• _LISTED RECORDS_:
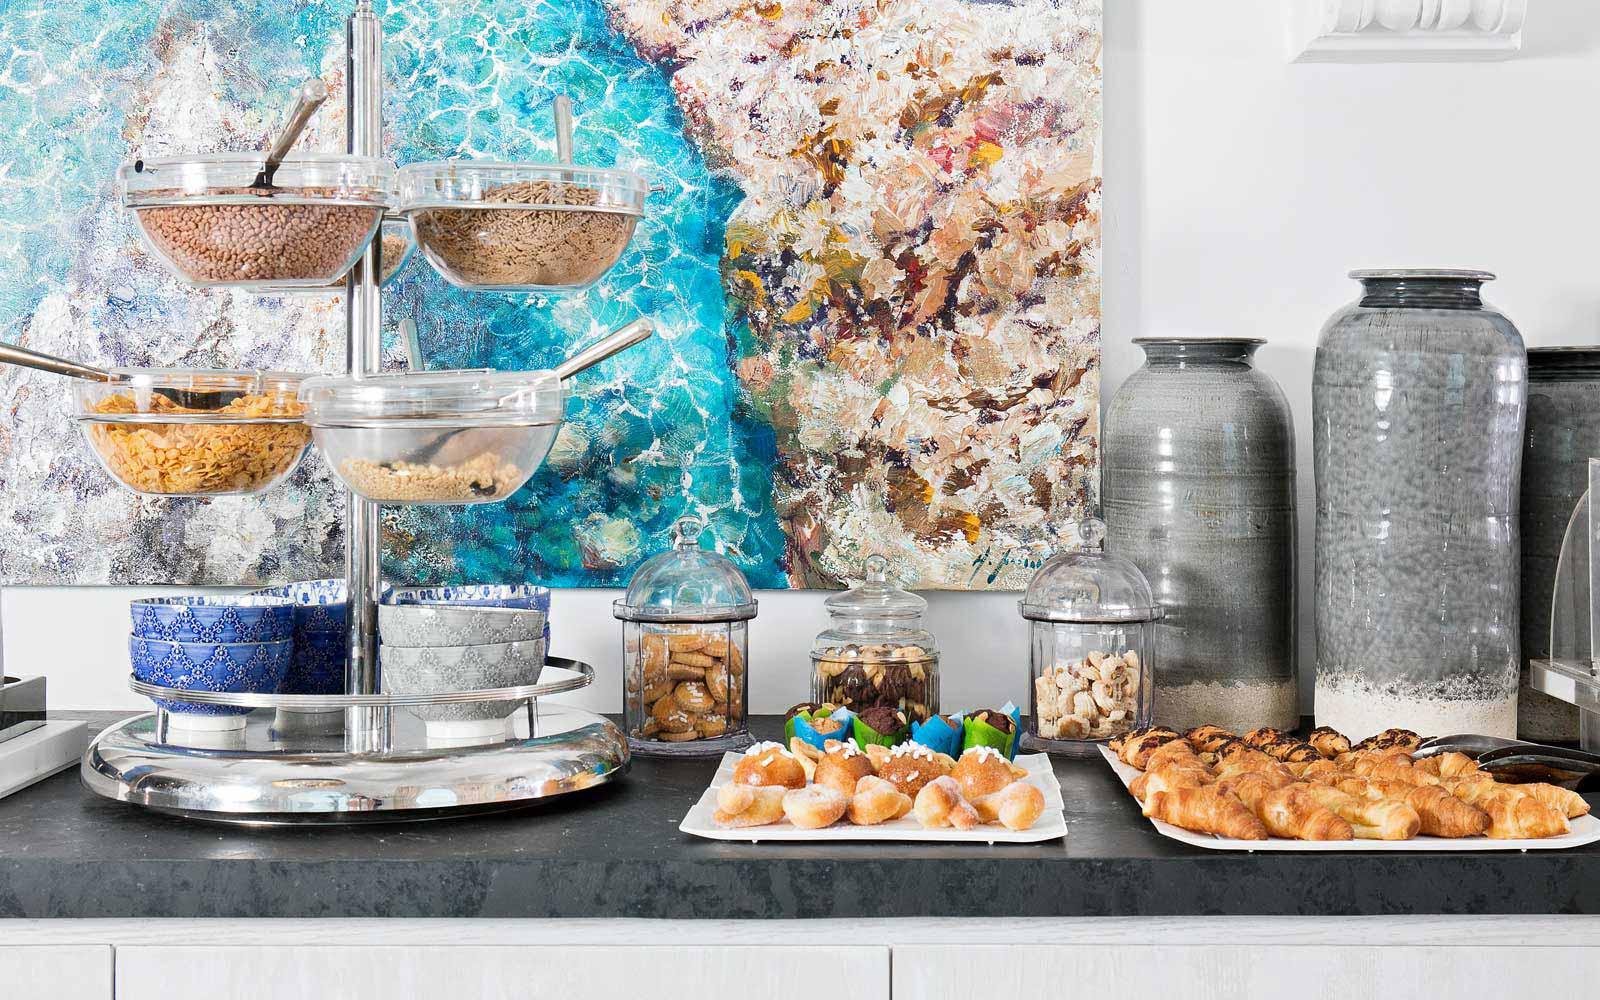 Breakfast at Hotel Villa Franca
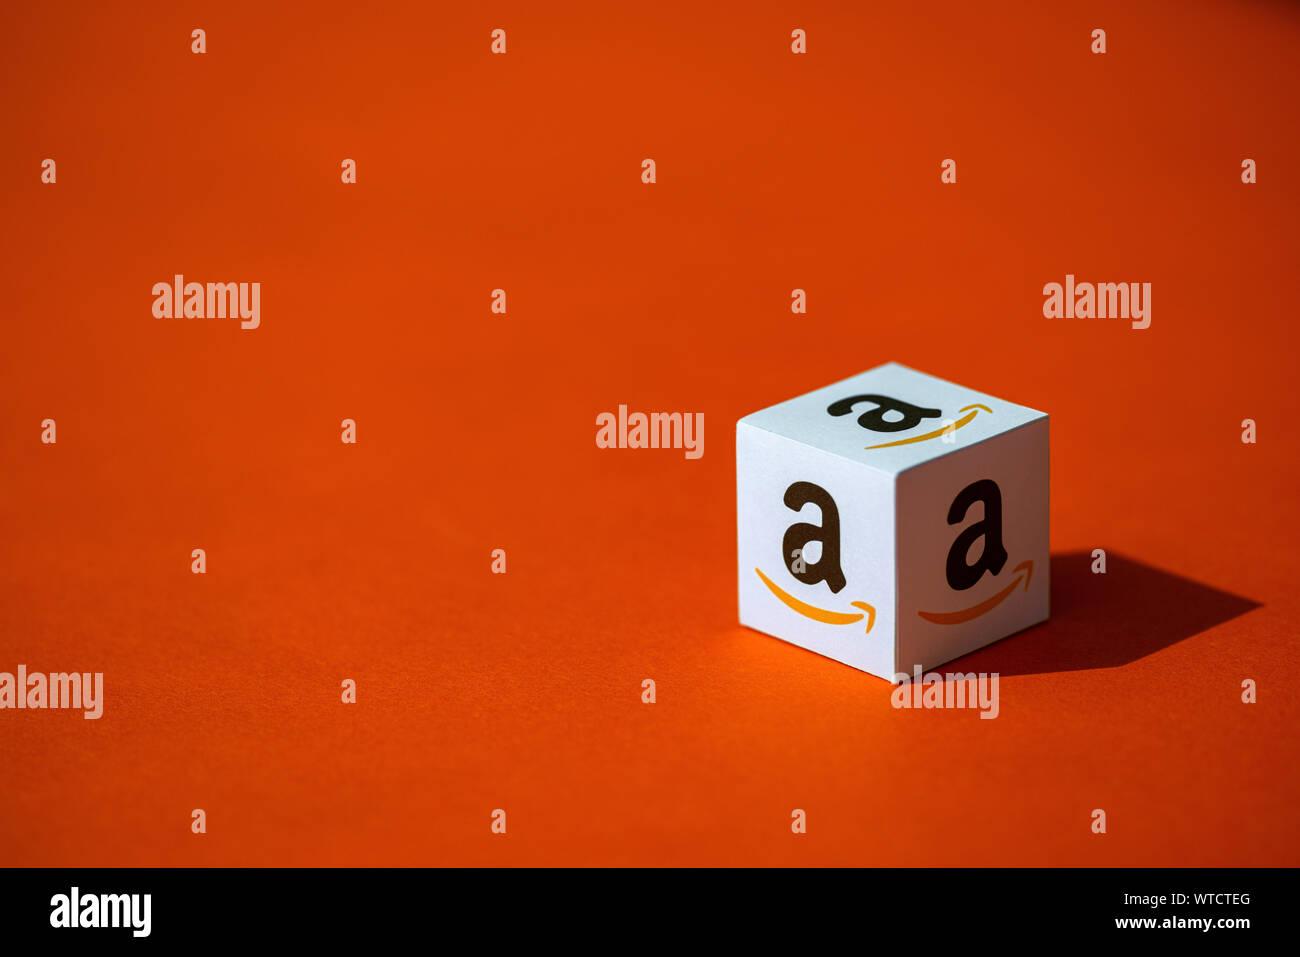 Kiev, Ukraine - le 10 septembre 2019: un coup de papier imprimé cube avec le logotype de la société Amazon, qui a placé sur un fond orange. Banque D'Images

--

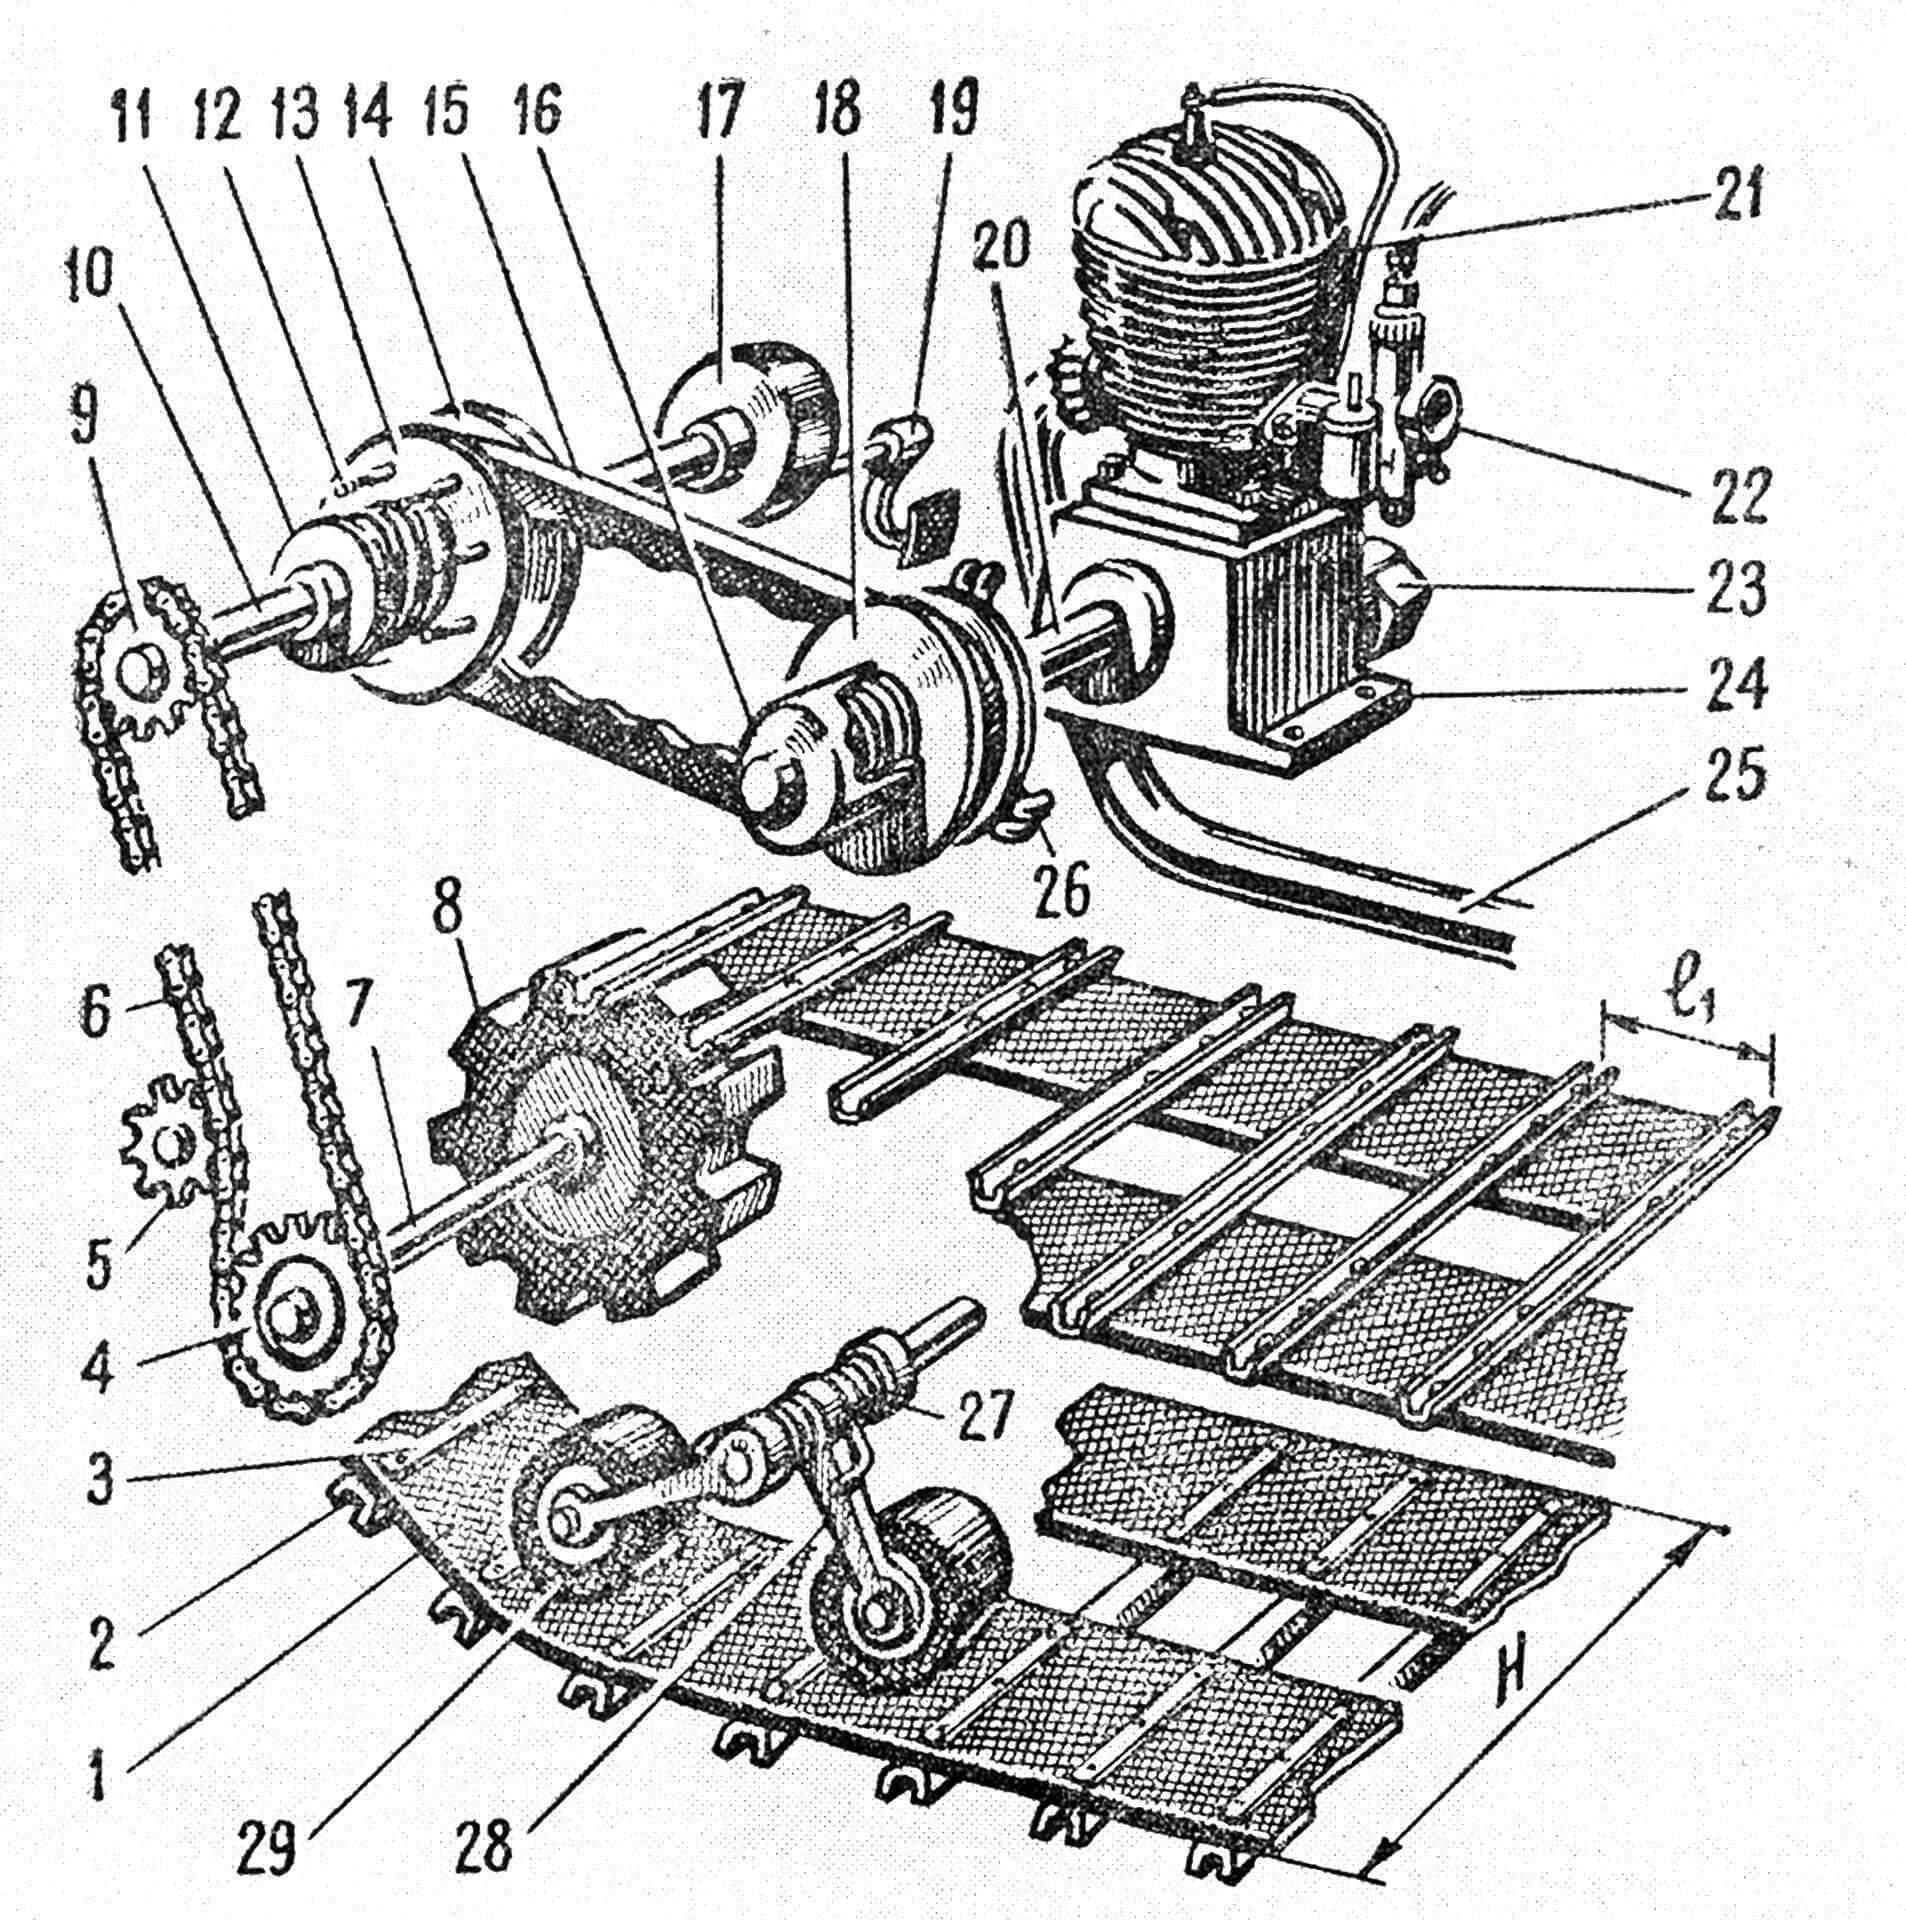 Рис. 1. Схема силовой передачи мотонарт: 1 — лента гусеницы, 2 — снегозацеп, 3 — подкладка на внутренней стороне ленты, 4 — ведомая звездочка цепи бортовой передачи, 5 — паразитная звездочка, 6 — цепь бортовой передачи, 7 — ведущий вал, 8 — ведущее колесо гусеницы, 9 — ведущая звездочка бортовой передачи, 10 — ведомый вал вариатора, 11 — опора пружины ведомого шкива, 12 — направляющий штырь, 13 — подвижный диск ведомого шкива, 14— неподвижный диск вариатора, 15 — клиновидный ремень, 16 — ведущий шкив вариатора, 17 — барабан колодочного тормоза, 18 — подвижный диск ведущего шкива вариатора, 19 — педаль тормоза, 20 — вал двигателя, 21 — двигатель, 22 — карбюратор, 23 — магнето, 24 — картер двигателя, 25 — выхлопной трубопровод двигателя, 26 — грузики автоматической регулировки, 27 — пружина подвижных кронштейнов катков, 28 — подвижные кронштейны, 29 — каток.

• _WORK TO BE COMPLETED_: Although pictures appear among the records above, none are to be output; print exactly the lines from the line containing "Breakfast at Hotel Villa Franca" through the line containing "Kiev, Ukraine - le".

• _SOLUTION_:
 Breakfast at Hotel Villa Franca
 Kiev, Ukraine - le 10 septembre 2019: un coup de papier imprimé cube avec le logotype de la société Amazon, qui a placé sur un fond orange. Banque D'Images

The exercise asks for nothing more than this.